▶ [Problem details]:
Give a verbatim copy of the data, leaving the pictures out.

▶ [Given information]:

* * * * *

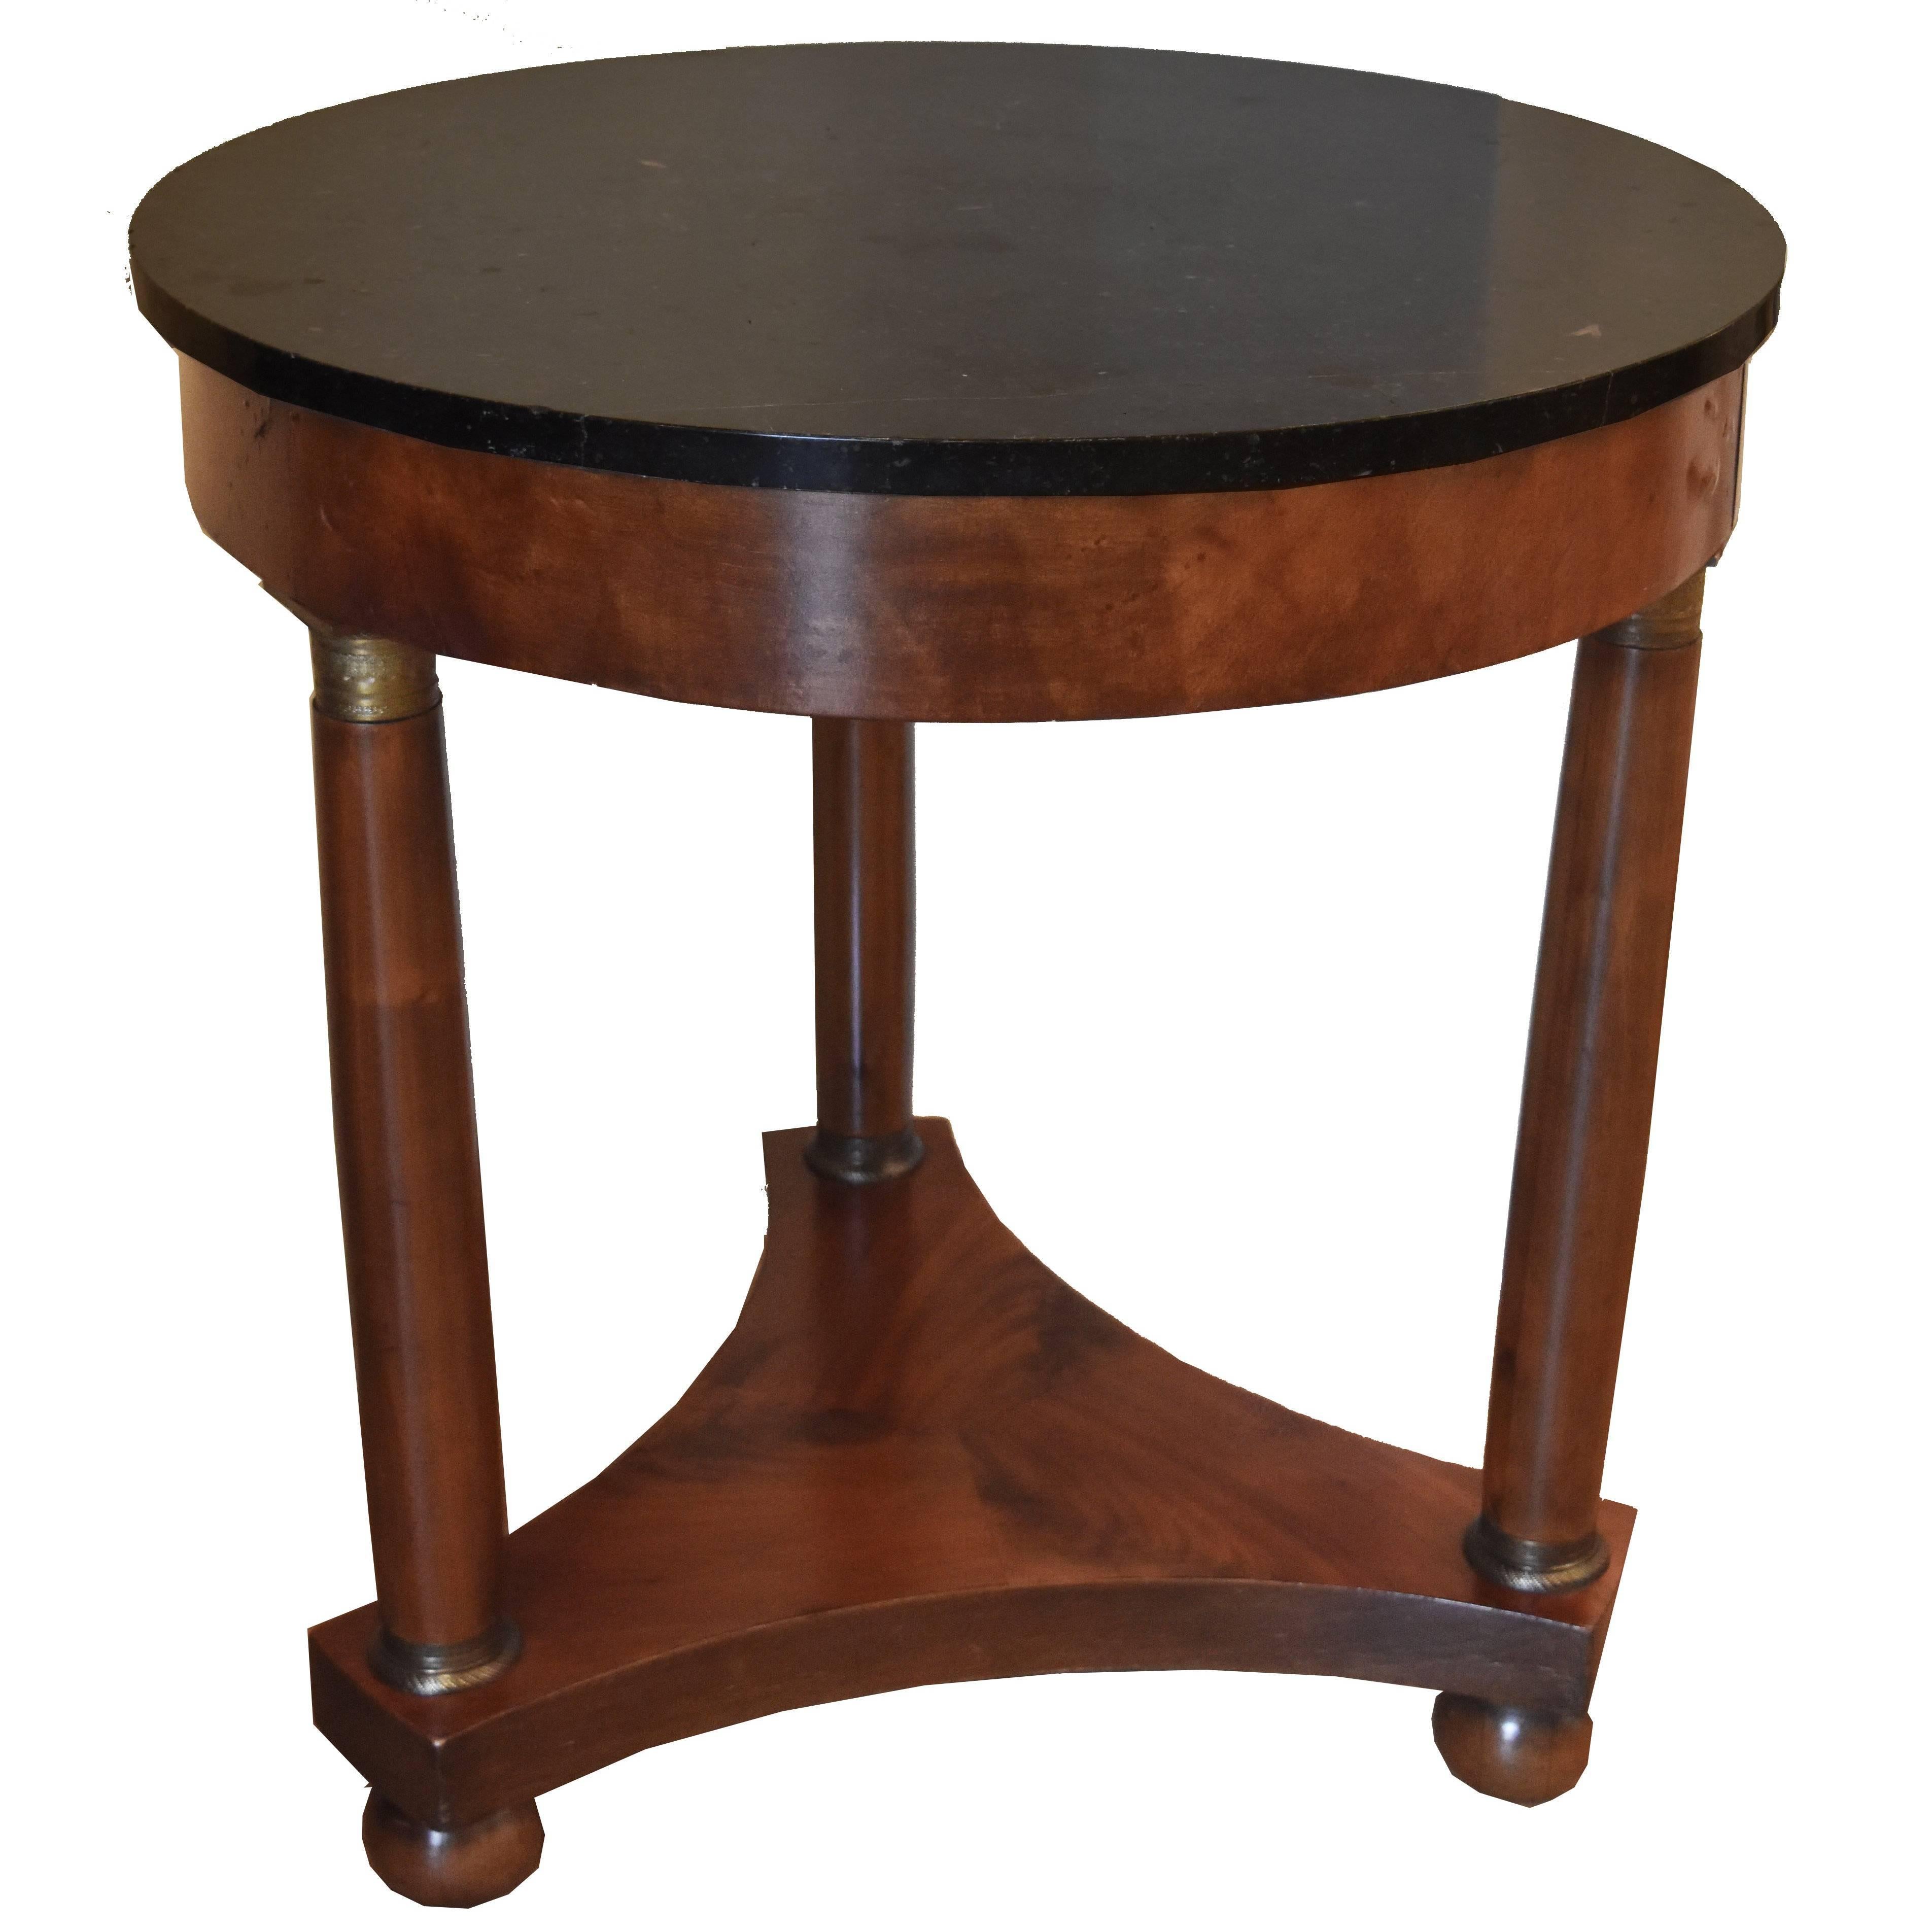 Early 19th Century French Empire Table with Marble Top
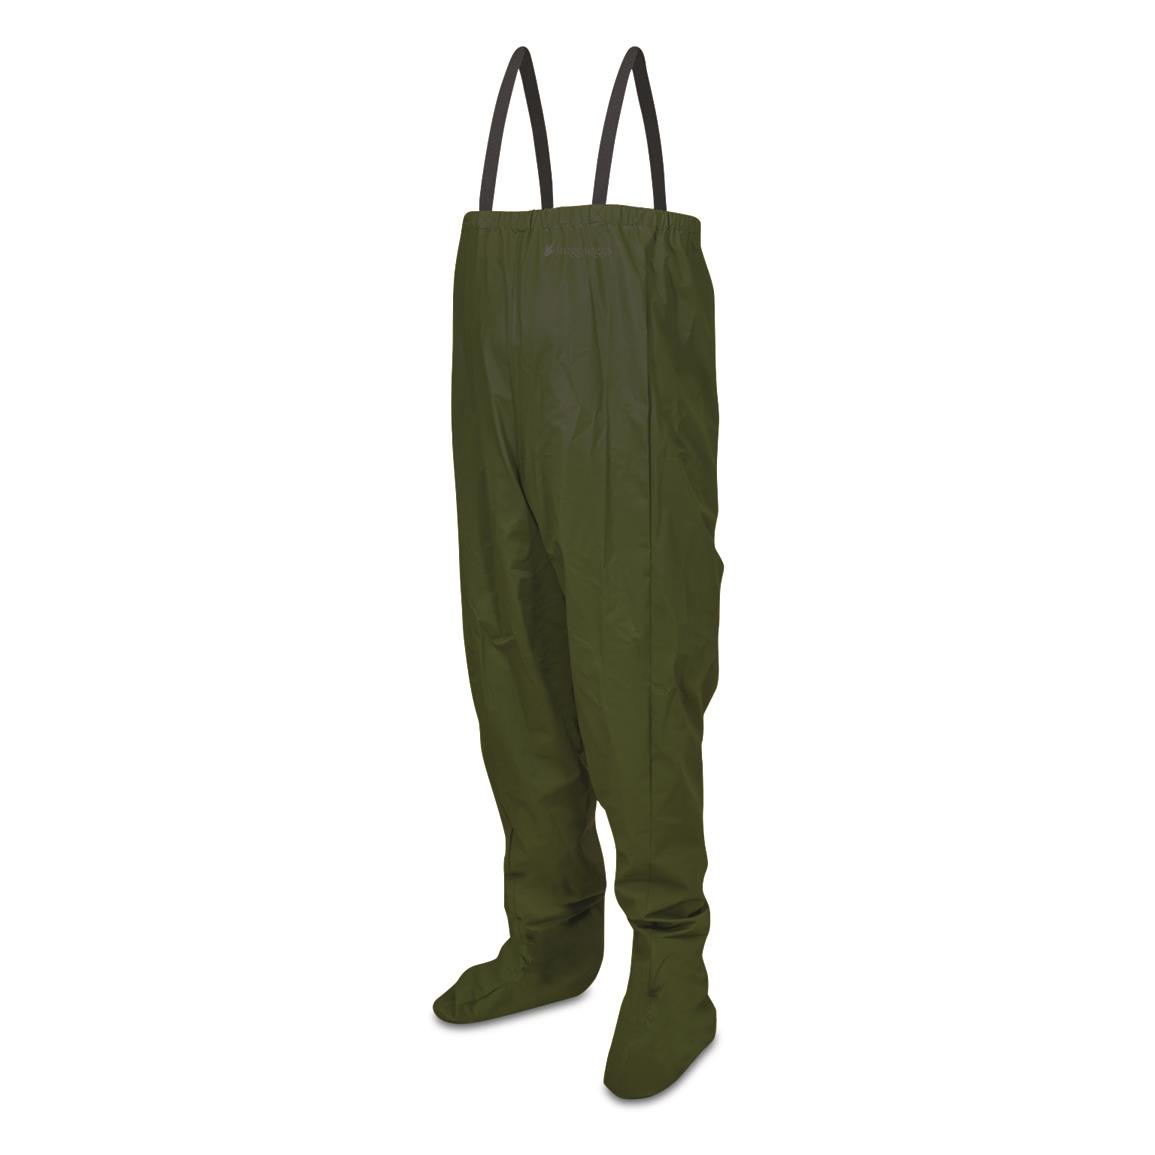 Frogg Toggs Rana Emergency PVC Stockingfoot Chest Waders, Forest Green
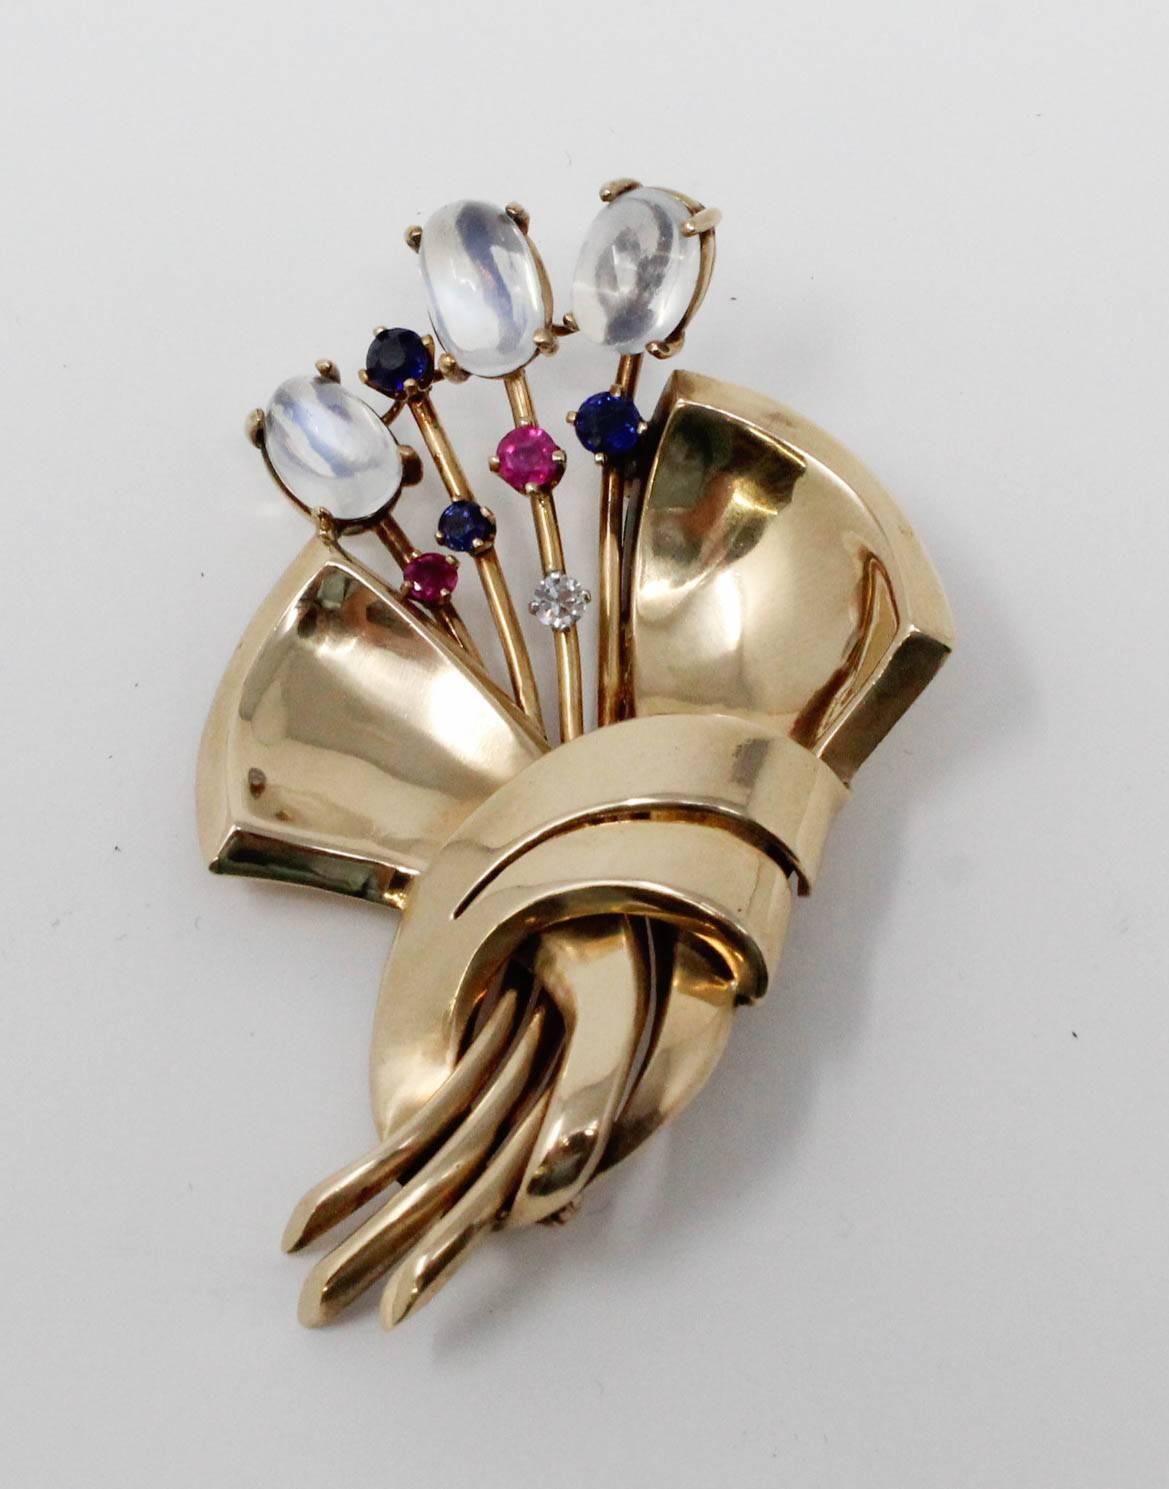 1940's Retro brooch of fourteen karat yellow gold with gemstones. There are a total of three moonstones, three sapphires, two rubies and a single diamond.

* * * * *

▶ [Solved problem]:
 Early 19th Century French Empire Table with Marble Top
 Frogg Toggs Rana Emergency PVC Stockingfoot Chest Waders, Forest Green
 1940's Retro brooch of fourteen karat yellow gold with gemstones. There are a total of three moonstones, three sapphires, two rubies and a single diamond.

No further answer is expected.